Sonnenuntergang Ostsee - © Liisa
Gesehen: diesen Beitrag [und mich ziemlich aufgeregt darüber]
Gehört: einen neu entdeckten Podcast namens „Revolutions“ [Danke Michael für den Hinweis bei Twitter!]
Gelesen: u.a. (1) „Zu Besuch bei den Supermarkt-Tomaten
(2) ArtikelDie vier Krisen des Euro“ [Ulrike Herrmann erklärt in verständlichen Worten das, was „Eurokrise“ genannt wird und verhilft so wieder zu etwas mehr Durchblick, worum es überhaupt geht]
(3) „Schlangenkopf“ von Ulrich Ritzel
Getan: (1) in Wismar gewesen und nach all den Jahren endlich mal Frau Indica leibhaftig getroffen
(2) in niederländischen Archiven recherchiert und dabei eine Menge neuer niederländischer Vokabeln gelernt wie huwelijk, overleden, houtzager, schuitenvoerder, dwangarbeiders
Gegessen: u.a. Penne al arrabiata, Bagel mit Seelachs auf cream cheese, Windbeuteltorte, Apfelkompott von den diesjährigen Äpfeln aus unserem Garten, Birnenkompott von diesjährigen Birnen aus Nachbars Garten;
Getrunken: heiße Schokolade mit Kokos-Sahnehäubchen
Geärgert: (1) über Schmerztabletten, die nicht wirklich was bringen [Hallo? Schmerz, zieh endlich Leine!]
(2) mal wieder über die europäische Flüchtlingspolitik und die zynischen Äußerung, die unser Innenminister immer wieder zu dieser Thematik von sich gibt
(3) meine Krankenkasse zwingt mich jetzt quasi zur elektronischen Gesundheitskarte, indem sie einfach alle nicht elektronischen Gesundheitskarten zum 1. Januar 2014 für ungültig erklärt, egal wie lange die Gültigkeitsdauer vorher angegeben war [schmöchte das nicht!!]
Gefreut: u.a. Frau Indica, wie sie leibt und lebt, kennengelernt zu haben
Gelacht: über den Tweet „Das kann kein Zufall sein, dass sich Donnerstag auf Absinth reimt“ [von @diemitderkamera; da hat wohl die „Grüne Fee“ ordentlich zugeschlagen ;o)]
Gedacht: (1) tja … (in vielerlei Hinsicht) [im Hinblick auf das Wahlergebnis]

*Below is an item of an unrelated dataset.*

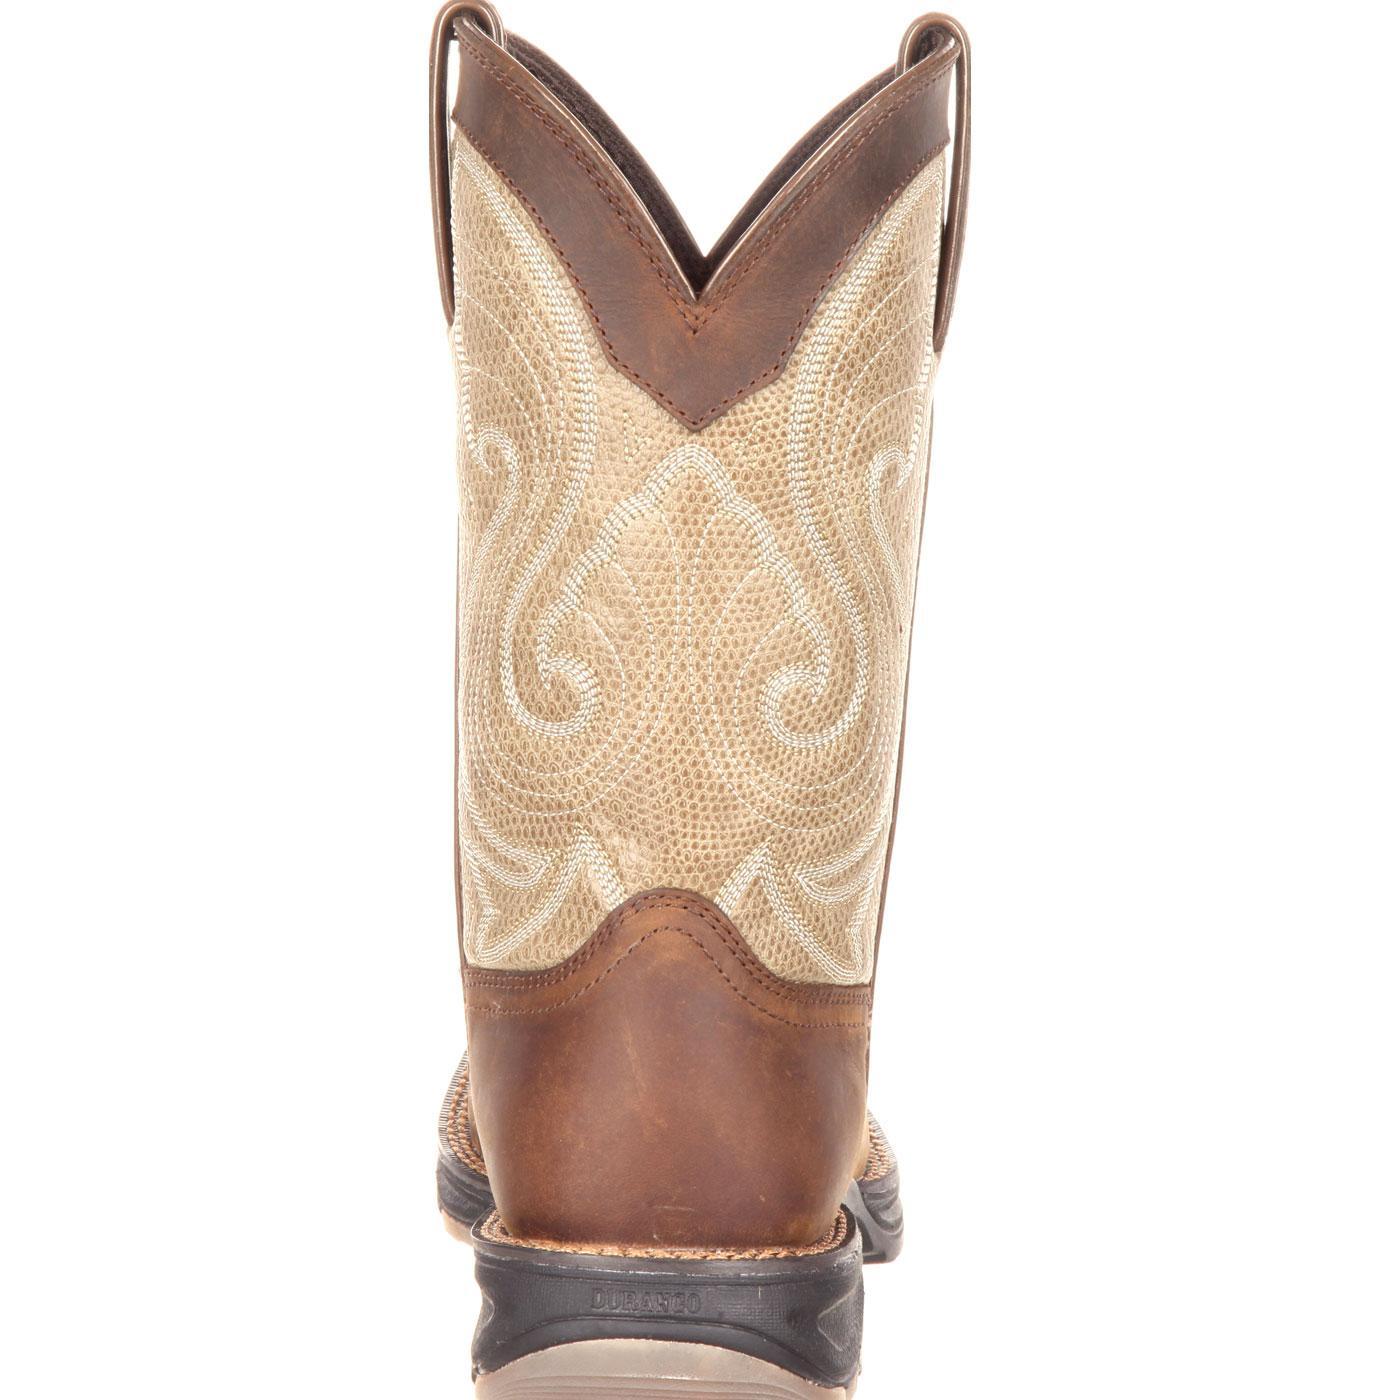 474293a68 Durango UltraLite Women's Western Boot, #DRD0182
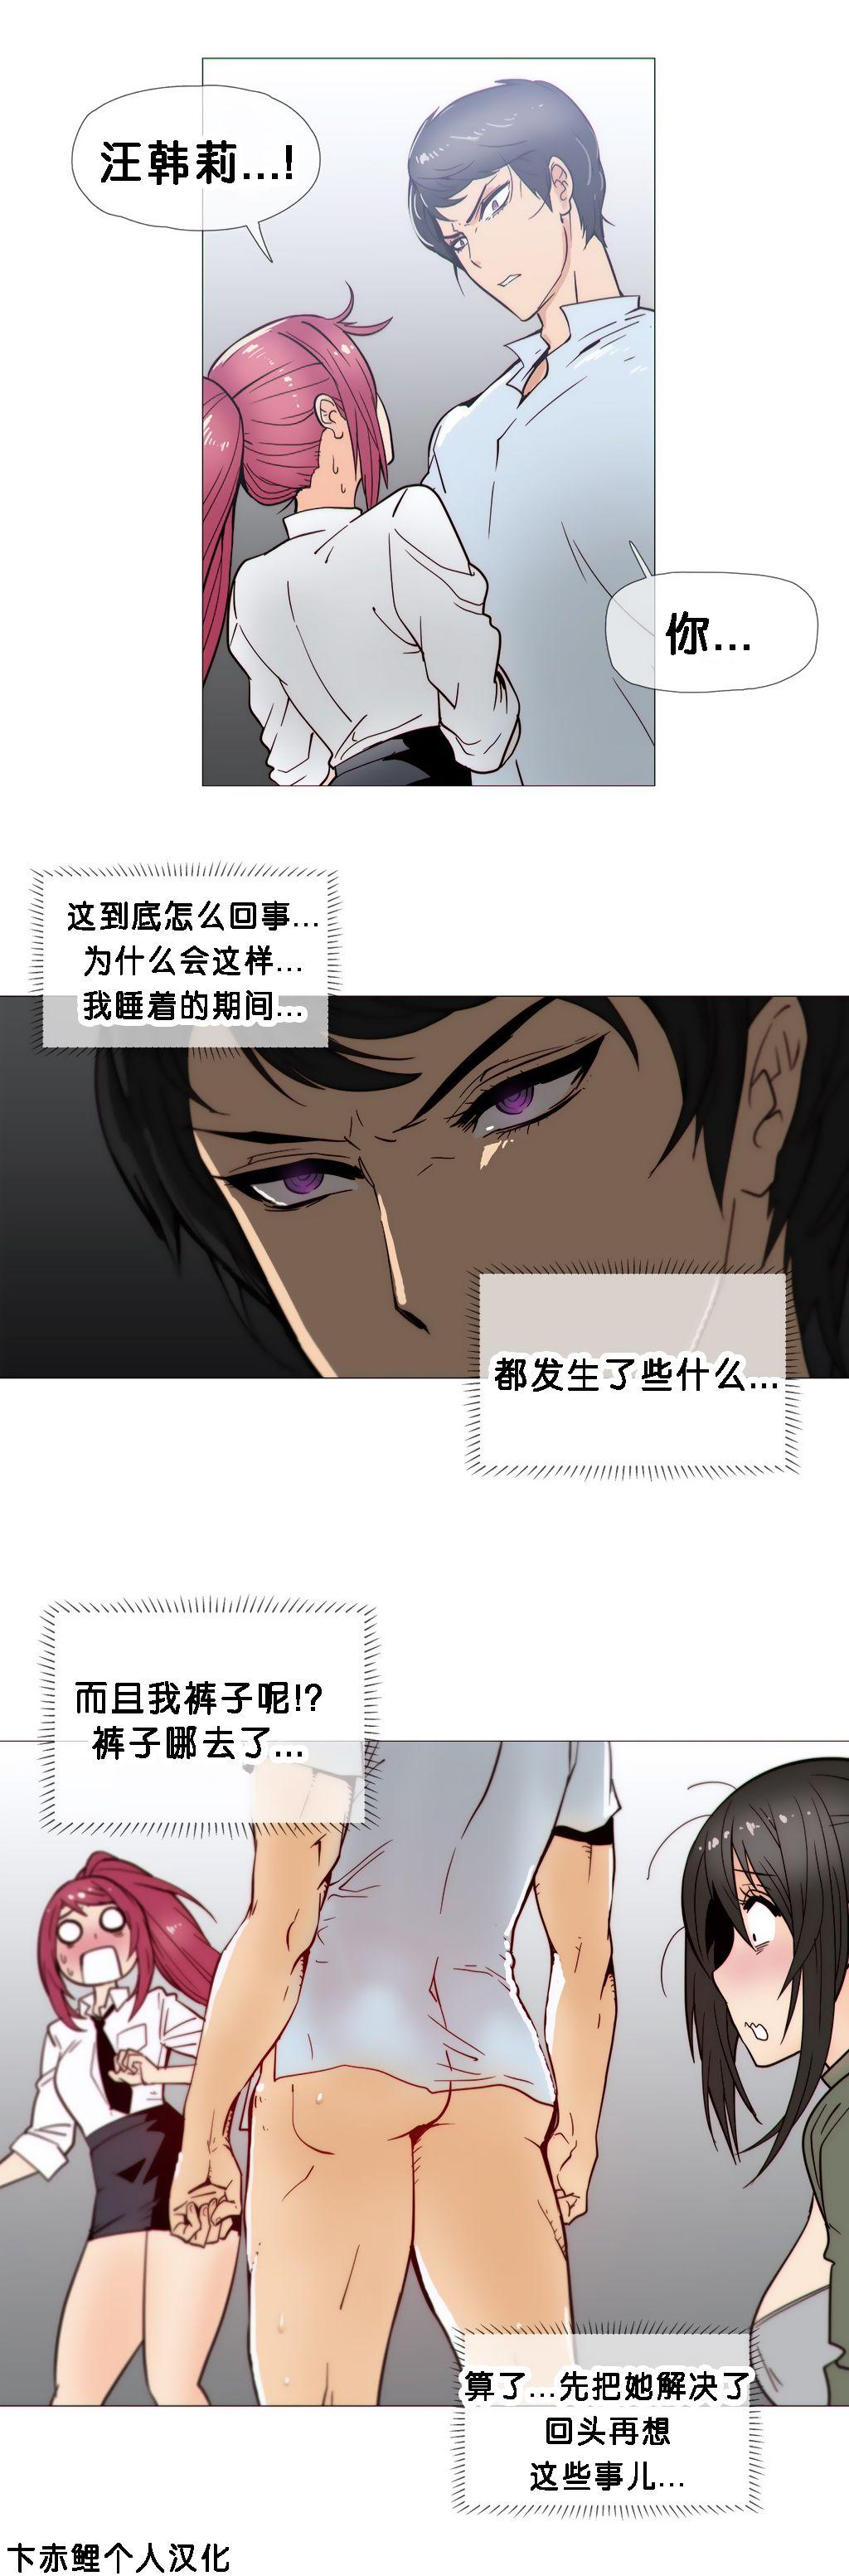 HouseHold Affairs 【卞赤鲤个人汉化】1~33话(持续更新中) 502

(2) so fühlt es sich also an, wenn einem ein sog. „Familiengeheimnis“ mitten ins Leben explodiert und plötzlich diverse Groschen, die bis dahin geklemmt haben, fallen
(3) Wiederbeleben ist ja schön und gut, aber wirklich um jeden Preis? [Im Bezug auf die Erste-Hilfe-Kampagne, die gefahren wurde/wird und die die Deutschen animieren soll, williger und fähiger zu werden Wiederbelebungsmaßnahmen zu ergreifen. Einerseits ja sicher sinnvoll und gut. Andererseits habe ich zu viele Fälle mitbekommen, wo auf Biegen und Brechen wiederbelebt wurde und die „Wiederbelebten“ danach lebenslange Pflegefälle waren oder eben im Wachkoma. Das mag nicht jeder Betroffene wollen und wünschen. Ein Arzt sprach in einem Interview von Wiederbelegungsversuchen bis zu zwei Stunden, weil es schon gelungen sei, Menschen nach zwei Stunden fortgesetzer Wiederbelebungsversuche ins Leben zurückzuholen.]
Geklickt: (1) Alberti’s Window [Danke Anke Gröner!]
(2) In which I go out drinking with German writers [Keine Ahnung, wie dieses Blog bisher an mir vorübergehen konnte! Katy Derbyshire geht mit deutschen Schriftstellern und Schriftstellerinnen etwas trinken und erzählt, worüber sie sich unterhalten haben und was so passiert ist; Danke an Isa für den Hinweis!]
(3) Absence of Water [Gigi Cifali hat verlassene leere Schwimmbäder fotografiert; Danke für den Hinweis Kiki!]